When I reached Yosemite, all the rocks seemed talkative, and more
telling and lovable than ever. They are dear friends, and seemed to
have warm blood gushing through their granite flesh; and I love them
with a love intensified by long and close companionship. After I had
bathed in the bright river, sauntered over the meadows, conversed with
the domes, and played with the pines, I still felt blurred and weary,
as if tainted in some way with the sky of your streets. I determined,
therefore, to run out for a while to say my prayers in the higher
mountain temples. "The days are sunful," I said, "and, though now
winter, no great danger need be encountered, and no sudden storm will
block my return, if I am watchful."
The morning after this decision, I started up the canyon of Tenaya,
caring little about the quantity of bread I carried; for, I thought, a
fast and a storm and a difficult canyon were just the medicine I
needed. When I passed Mirror Lake, I scarcely noticed it, for I was
absorbed in the great Tissiack--her crown a mile away in the hushed
azure; her purple granite drapery flowing in soft and graceful folds
down to my feet, embroidered gloriously around with deep, shadowy
forest.

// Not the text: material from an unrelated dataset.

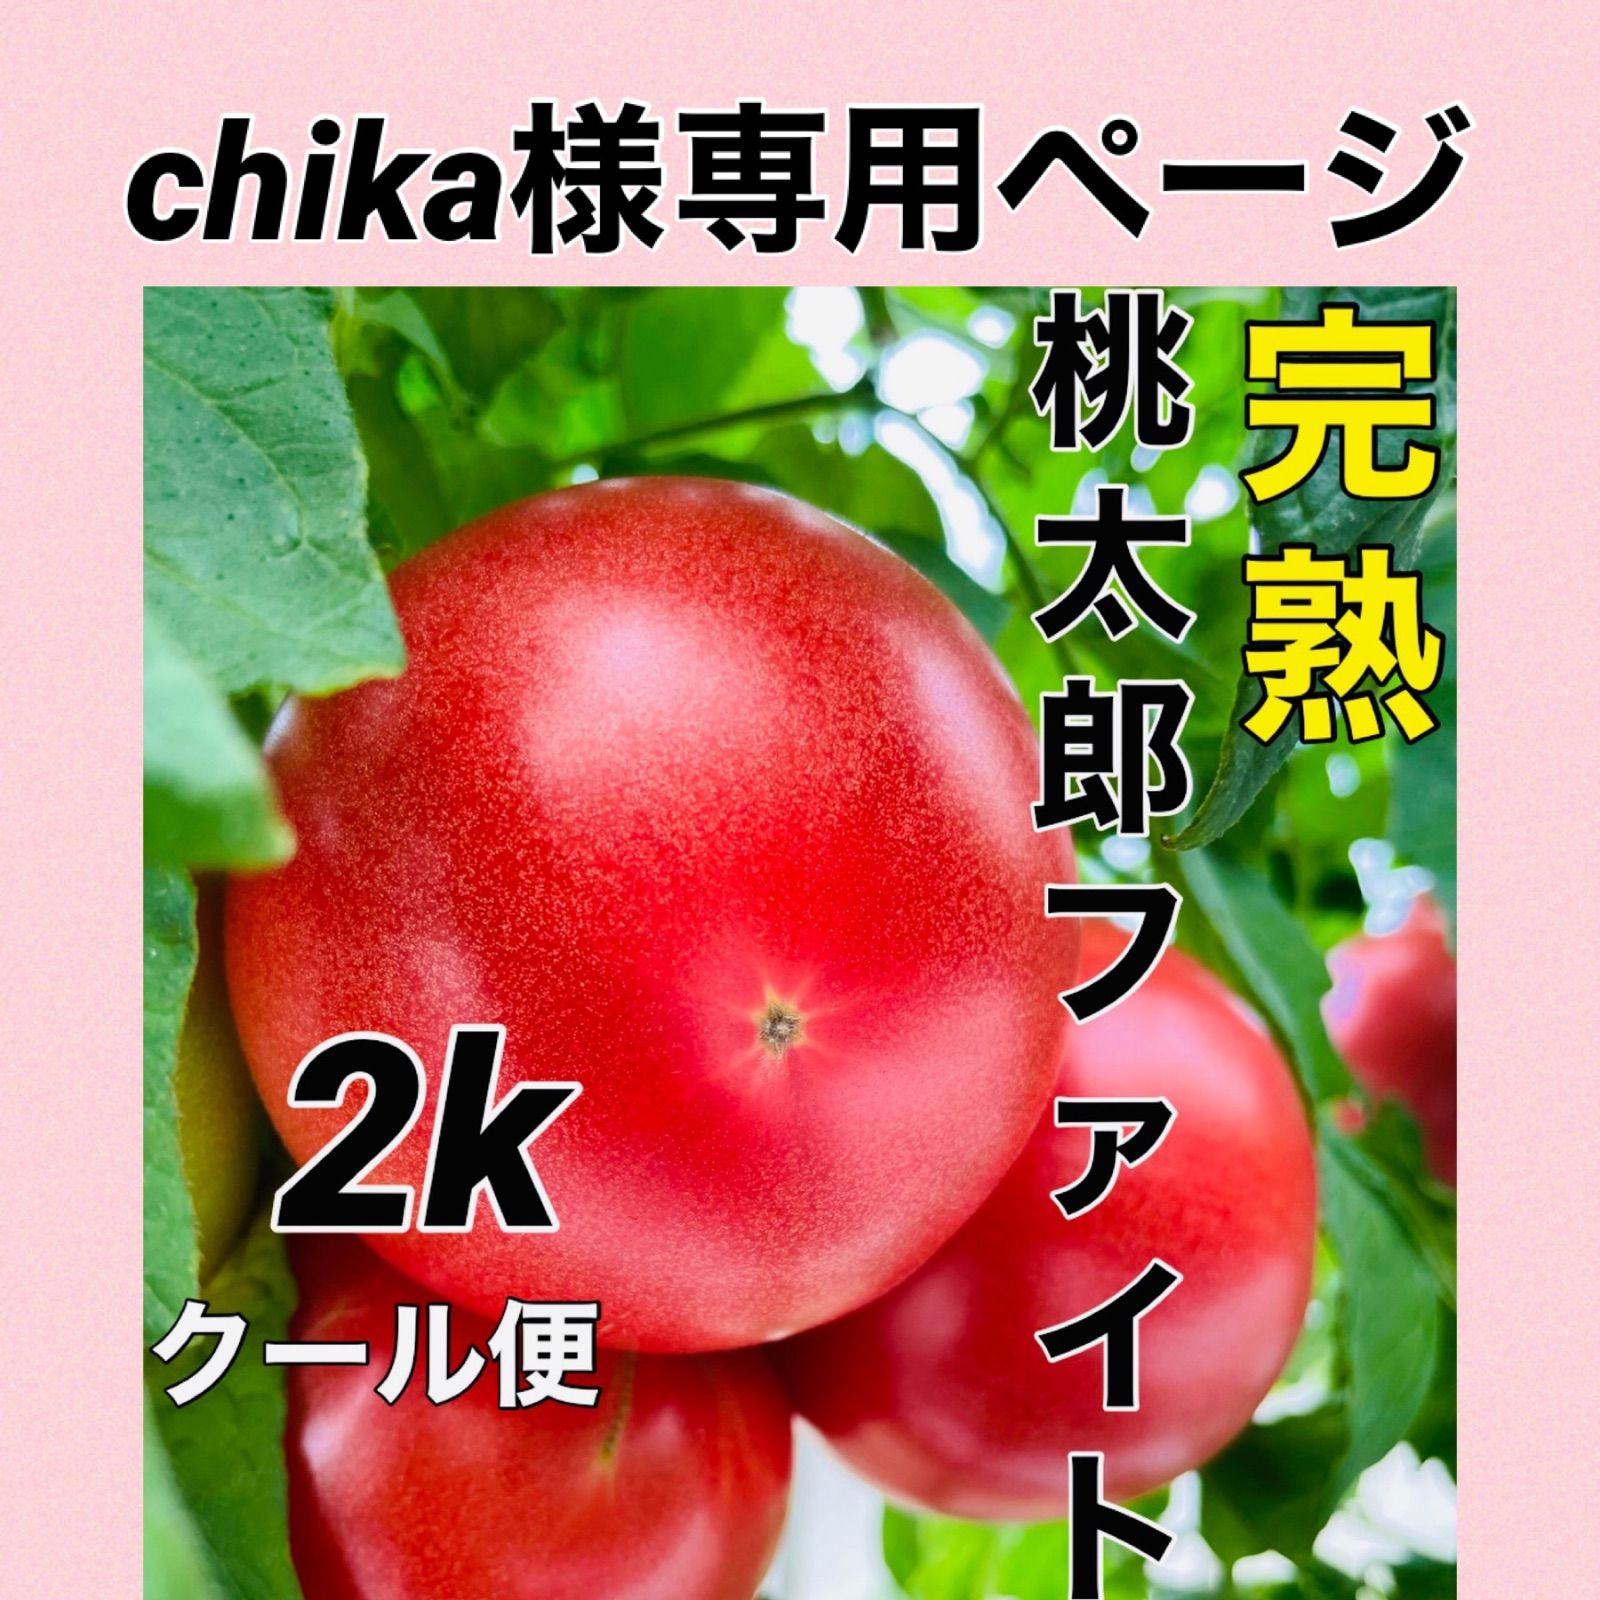 chika様専用ページ - 丹波のトマト屋さん - メルカリ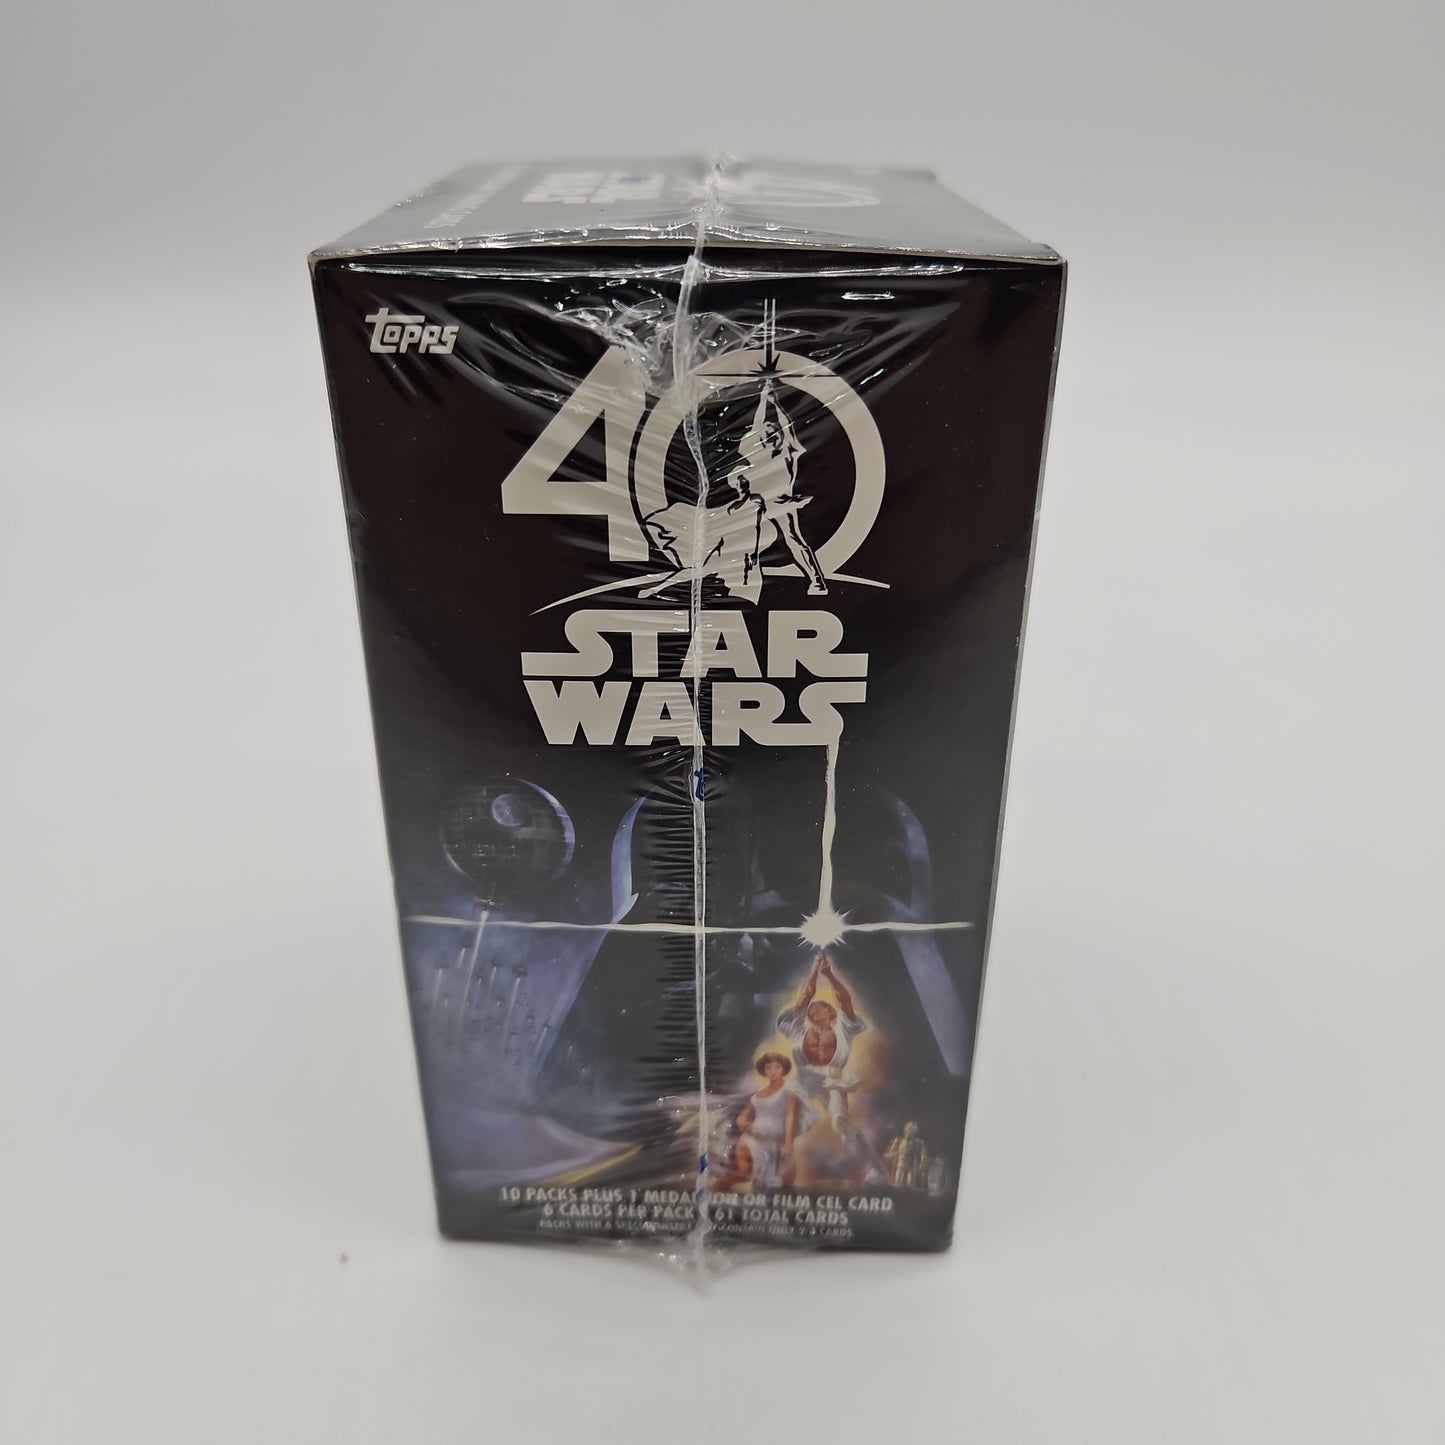 Star Wars 40th Anniversary Blaster Box New Sealed

I have gazed on Tissiack a thousand times--in days of solemn
storms, and when her form shone divine with the jewelry of winter, or
was veiled in living clouds; and I have heard her voice of winds, and
snowy, tuneful waters when floods were falling; yet never did her soul
reveal itself more impressively than now. I hung about her skirts,
lingering timidly, until the higher mountains and glaciers compelled
me to push up the canyon.
This canyon is accessible only to mountaineers, and I was anxious to
carry my barometer and clinometer through it, to obtain sections and
altitudes, so I chose it as the most attractive highway. After I had
passed the tall groves that stretch a mile above Mirror Lake, and
scrambled around the Tenaya Fall, which is just at the head of the
lake groves, I crept through the dense and spiny chaparral that
plushes the roots of the mountains here for miles in warm green, and
was ascending a precipitous rock front, smoothed by glacial action,
when I suddenly fell--for the first time since I touched foot to
Sierra rocks. After several somersaults, I became insensible from the
shock, and when consciousness returned I found myself wedged among
short, stiff bushes, trembling as if cold, not injured in the
slightest.
Judging by the sun, I could not have been insensible very long;
probably not a minute, possibly an hour; and I could not remember what
made me fall, or where I had fallen from; but I saw that if I had
rolled a little further, my mountain climbing would have been
finished, for just beyond the bushes the canyon wall steepened and I
might have fallen to the bottom. "There," said I, addressing my feet,
to whose separate skill I had learned to trust night and day on any
mountain, "that is what you get by intercourse with stupid town
stairs, and dead pavements." I felt degraded and worthless. I had
not yet reached the most difficult portion of the canyon, but I
determined to guide my humbled body over the most nerve-trying places
I could find; for I was now awake, and felt confident that the last of
the town fog had been shaken from both head and feet.